16 Charts That Show the Shocking Cost of Gun Violence in America


This Is What It’s Like to Survive a Gunshot


Methodology: the Data Behind Our Investigation


Watch: The Total Cost of Gun Violenceâ&#128;&#148;in 90 Seconds

“We focus on the proceedings. We focus on the death penalty. We focus on the perpetrator. But we don’t focus on the people affected.”

That was how Sandy Phillips, whose daughter Jessica Ghawi was among the 12 people murdered in a movie theater in July 2012, described the American public’s perception as the trial of mass shooter James Holmes got underway on Monday in Aurora, Colorado. It’s a fair point given the inordinate attention that such killers crave, and tend to get, from the media. Yet as Phillips also noted, “that ripple effect of how many people are affected by one act by one person, one animal, is incredibly large.”

She’s right—not just in terms of the trauma and suffering borne by the victims (an additional 58 wounded and 12 others injured in the chaos), their families, and their communities, but also in terms of the literal cost. The price tag for what was one of the worst mass murders in US history is in fact stunningly high: well over $100 million, according to our groundbreaking investigation into the costs of gun violence published earlier this month.

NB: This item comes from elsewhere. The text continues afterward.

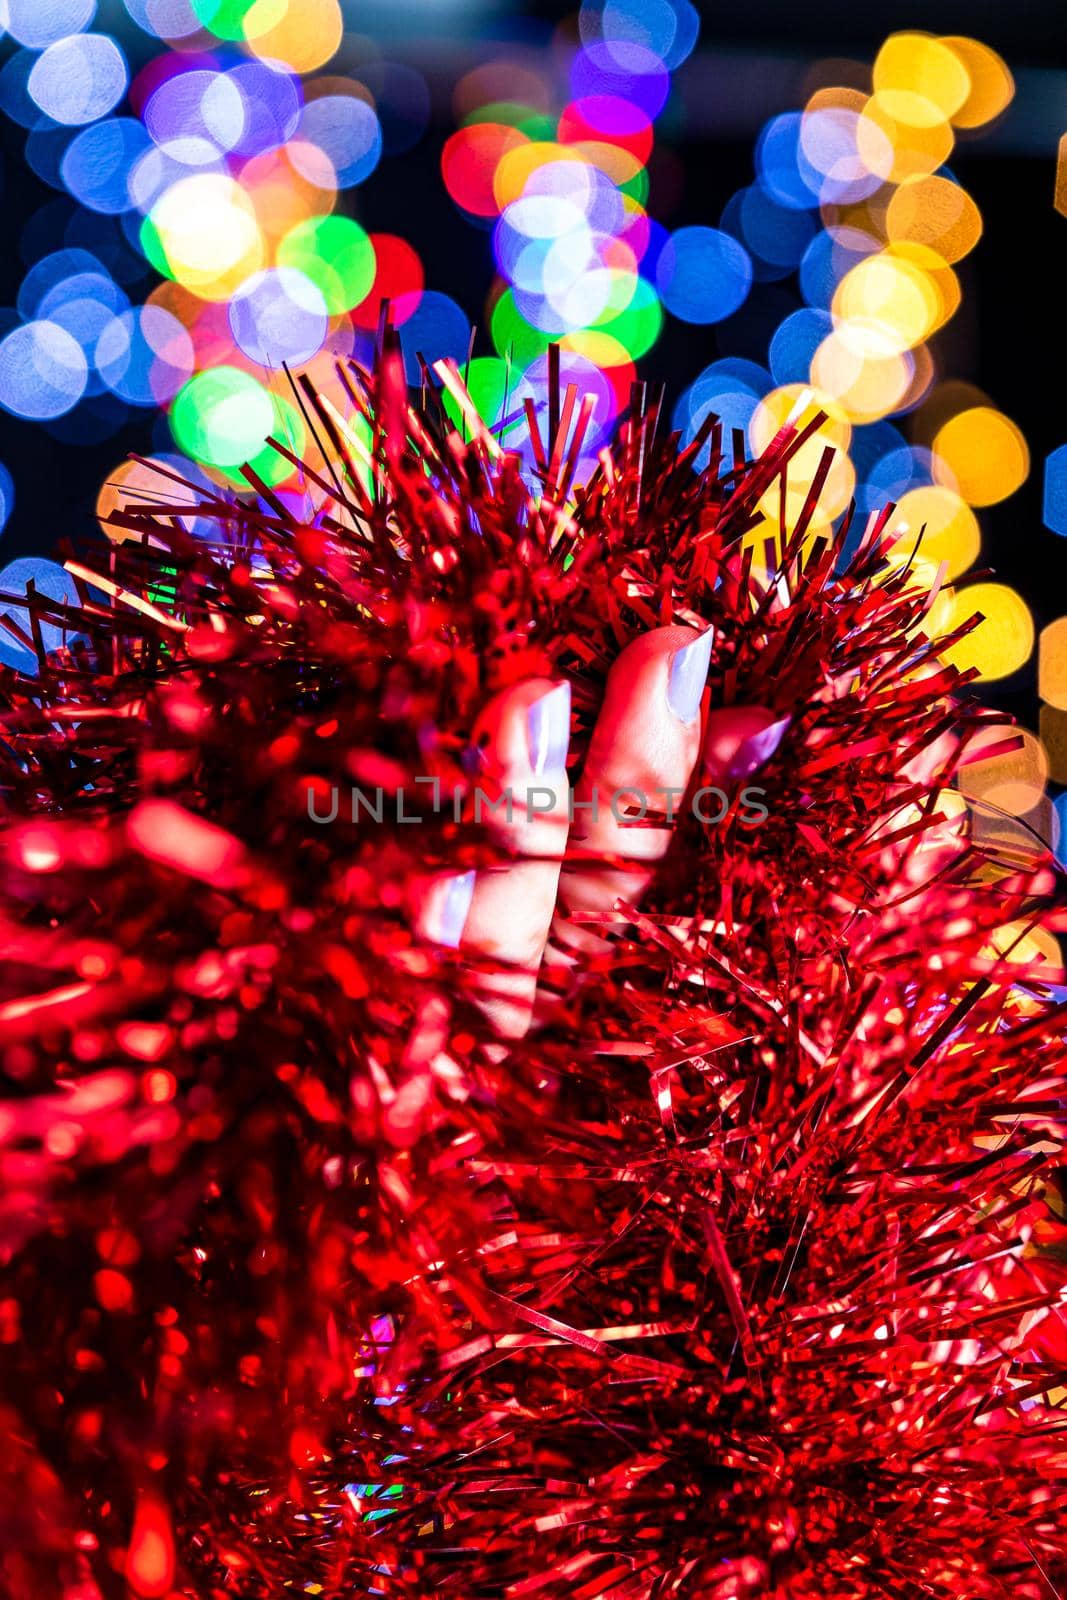 Holding Christmas garland decoration isolated on background with blurred lights. December season, Christmas composition.

For a quick explanation of the data behind the large sums our country pays for this problem, watch the following 90-second video, with more details on the Aurora tally continuing just below:

The economic impact of Aurora: For starters, long before the attorneys gave opening statements this week, legal proceedings for Holmes had already topped $5.5 million back in February, including expenses related to the unusually large pool of 9,000 prospective jurors called for the case. Add to that the total costs for each of the 12 victims killed: At an average of about $6 million each, that’s another $72 million. For the 58 who survived gunshots and were hospitalized, with an average total cost for each working out to about $583,000, add another $33 million. (Costs for some of the gunshot survivors may have varied widely, of course.) And these figures don’t even begin to account for what the city of Aurora, the state of Colorado, and the federal government have since spent on security and prevention related to the attack.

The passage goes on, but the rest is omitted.